# biggest beach shark !



## lucas_shane (Mar 9, 2009)

hey guys i was hopeing i could get yall to post up your biggest shark that you have caught off the beach ! 
heck for that matter just post up all of the beach pictures !!

thanks
luke


----------



## Wolf6151 (Jun 13, 2005)

I've never caught a shark from the beach but I've seen the video of a 12 ft. Tiger shark that was caught and released from the beach.


----------



## iwanashark (Jul 13, 2009)

not the biggest but the meanest! bull shark last year.


----------



## aggiemulletboy (May 31, 2006)

I didn't used to carry a camera with me that often, but here a few. Not all are the surf. None are that large that I have pictures of. The small bull shark in the surf came from really early season too. Every fish we caught had remoras attached. Hooked a really good size shark that spit the hook. He danced for us before he came off though.


----------



## Chief317 (Apr 4, 2010)




----------



## lucas_shane (Mar 9, 2009)

thanks guys. ive only ever caught pups from the sand !


----------



## Cody C (May 15, 2009)

Here's a beast 

I don't shark fish from land, so this is the biggest I've caught in the surf :brew:
Fiesty lil bugger, hit the lure under him!


----------



## Fishin-Inc (May 27, 2004)

*sharkin*

The main issue with catching a larger shark is getting a bait beyond the wade guts. Yakin a bait past the 3rd bar will bring up your percentages.
Just walking out and dropping a bait into the 2nd gut will catch fish but quality sharks just don't show as often as you would like.

You really need to get a bait beyond the breakers. I would rather have 1 rod out deep than walking out 3 all day!
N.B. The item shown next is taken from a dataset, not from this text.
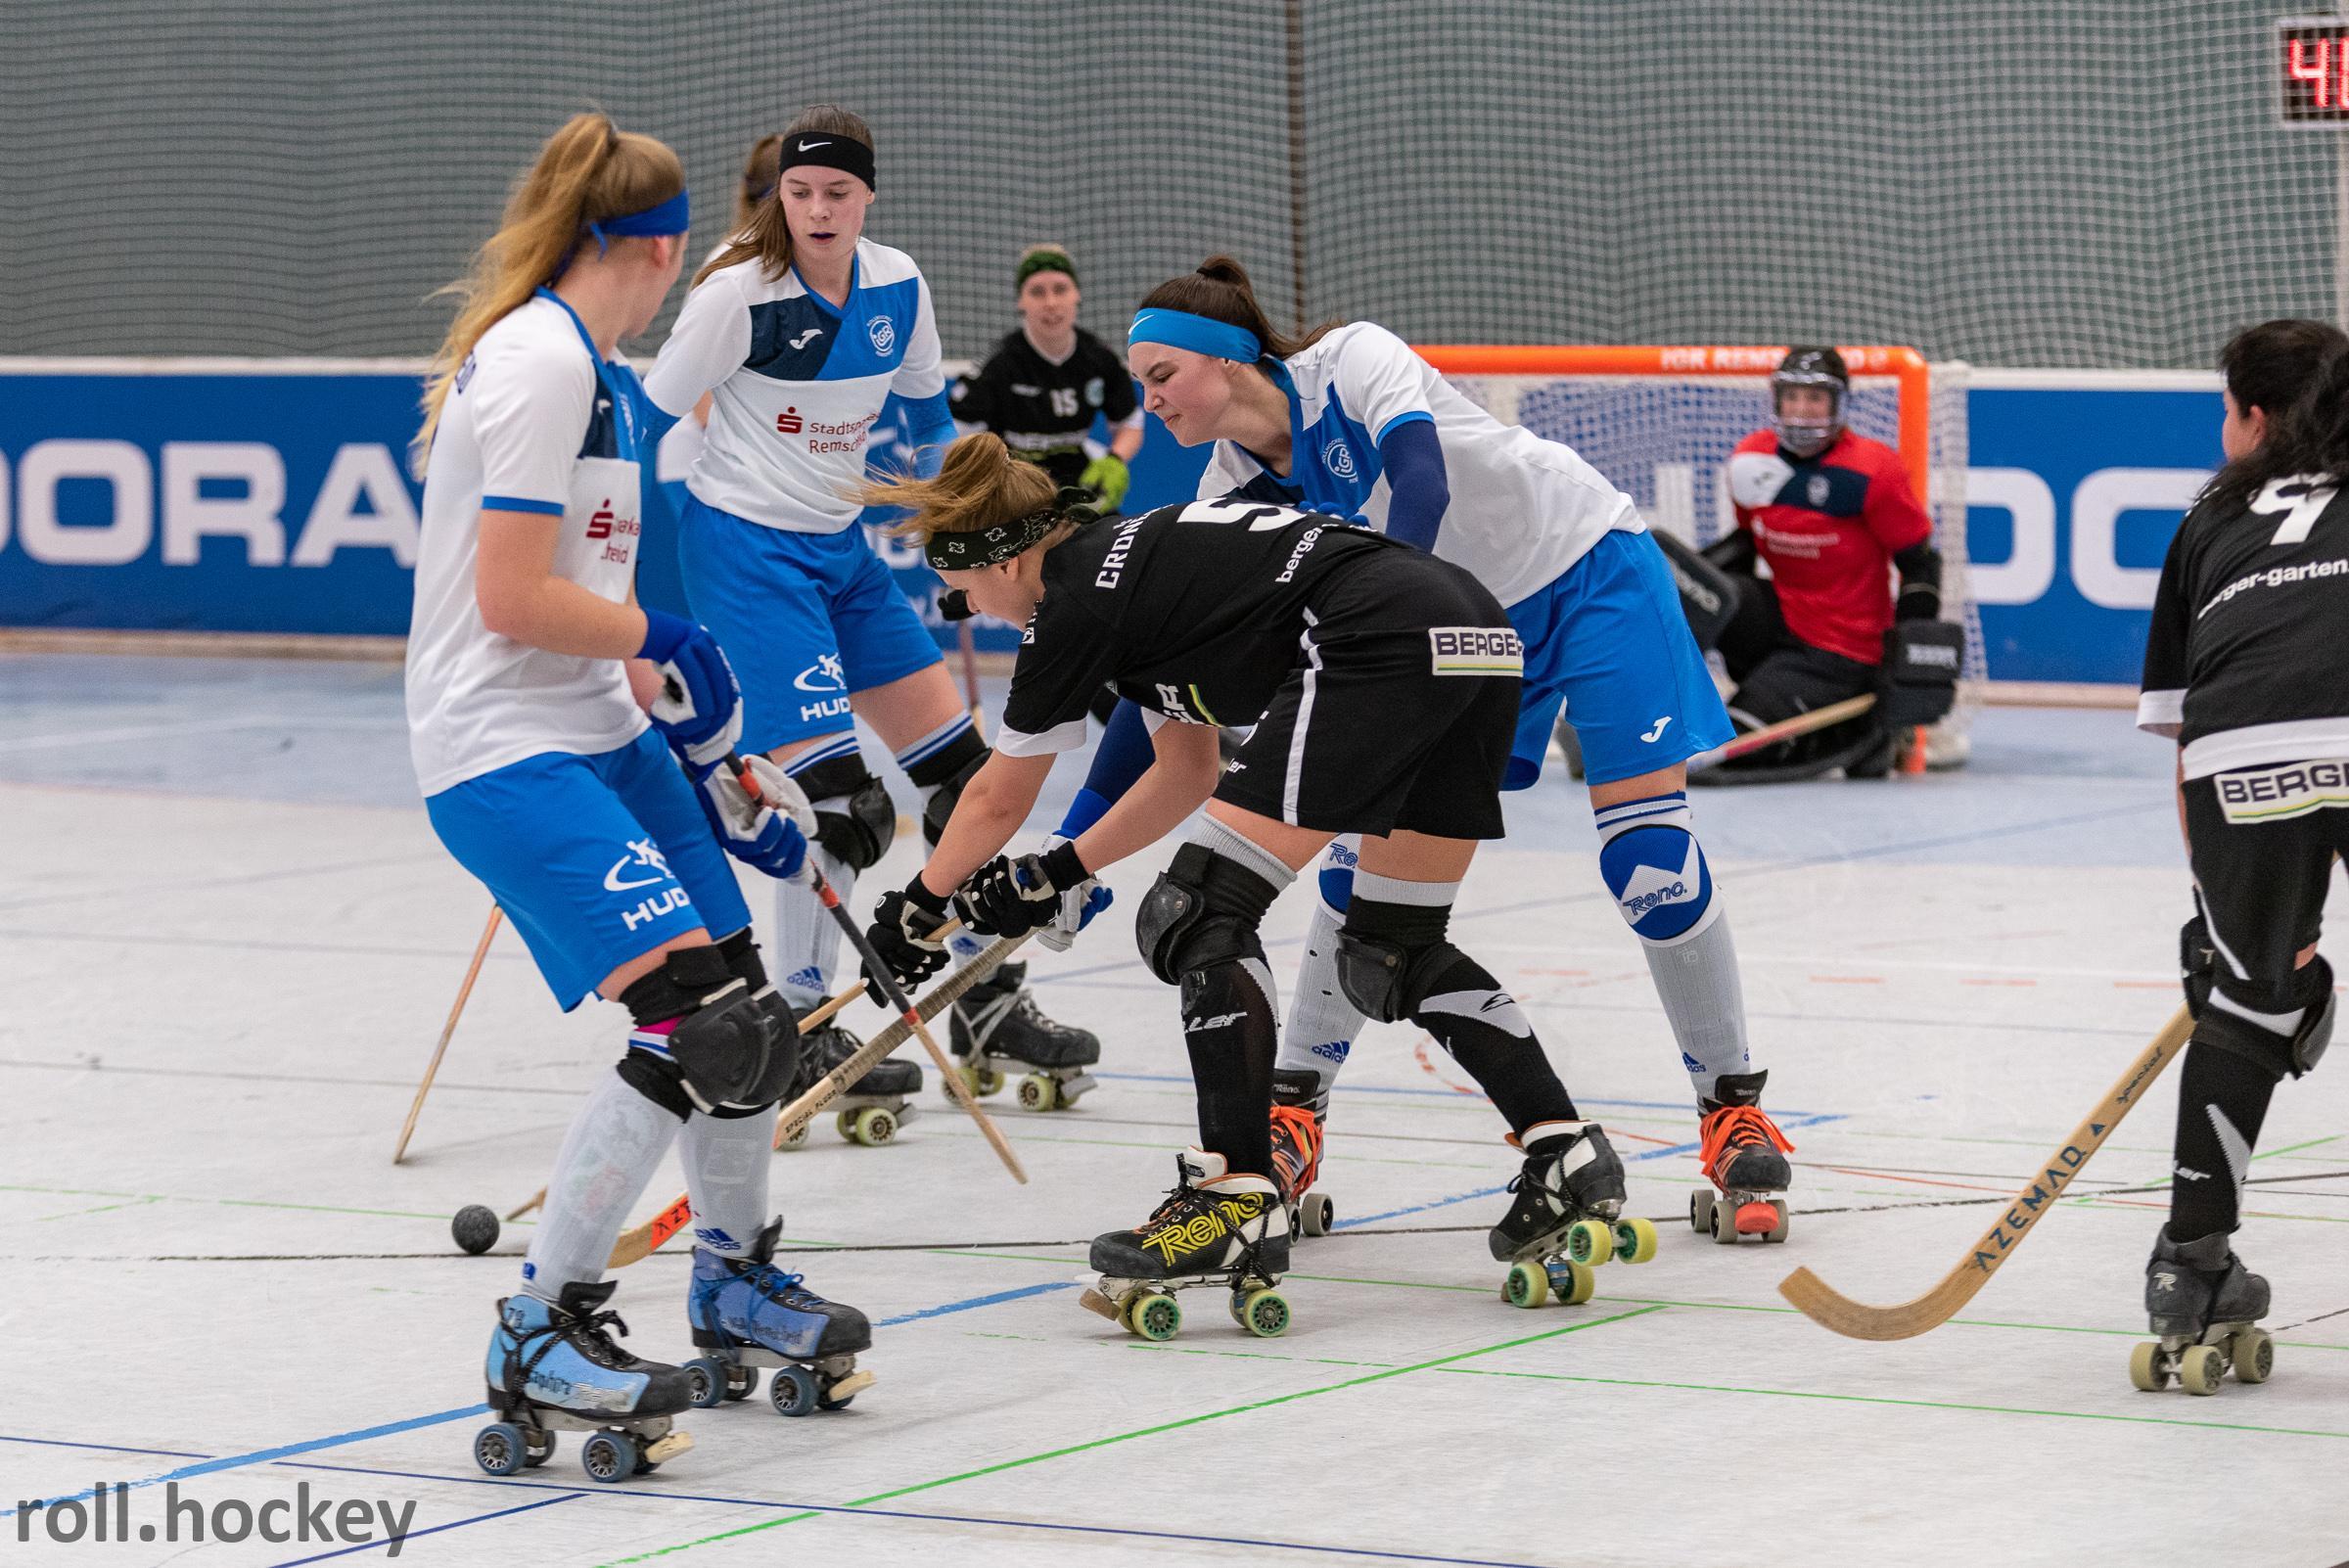 RSC Cronenberg DRIV-Pokal-Viertelfinale Damen 16.02.2019

I don't care what bait you're using, braid or mono. 14/0 or 20/0 hooks.
Get that bait out deeper.

Play on!


----------



## fireman23 (Aug 17, 2010)

this is my biggest beach shark so far im new to shark fishing in the surf but im hooked now


----------



## REELING 65 (Aug 18, 2009)

Before I moved over here from Florida. I was looking at some fishing info from the TX Parks and Wildlife site. I saw a Mako shark that was caught right from the beach. I think it was Galveston. I mean over 6ft or bigger..wish I had the pic. I will go look later.:biggrin:


----------



## aggiemulletboy (May 31, 2006)

REELING 65 said:


> Before I moved over here from Florida. I was looking at some fishing info from the TX Parks and Wildlife site. I saw a Mako shark that was caught right from the beach. I think it was Galveston. I mean over 6ft or bigger..wish I had the pic. I will go look later.:biggrin:


They catch them down on PINS I believe. Also had a big dead female mako wash up in the bay near A&M CC.


----------



## Garzas23 (Aug 11, 2010)

Those are some nice sharks!! What is the best way to rig up your line and hook for shark fishing? Just drop leaders or wat?


----------



## Garzas23 (Aug 11, 2010)

Those are sum nice sharks!! Wat is the best way to rig up your fishing line and hook? Jus drop leaders or wat??


----------



## mullethead00 (May 31, 2010)

Agree with Fish-Inc. 300yd + is a minimum for me. I prefer live bait (8-12") on 20/0. If there's weed in the water, don't even bother.


----------



## Fishin-Inc (May 27, 2004)

*Read up*



Garzas23 said:


> Those are sum nice sharks!! Wat is the best way to rig up your fishing line and hook? Jus drop leaders or wat??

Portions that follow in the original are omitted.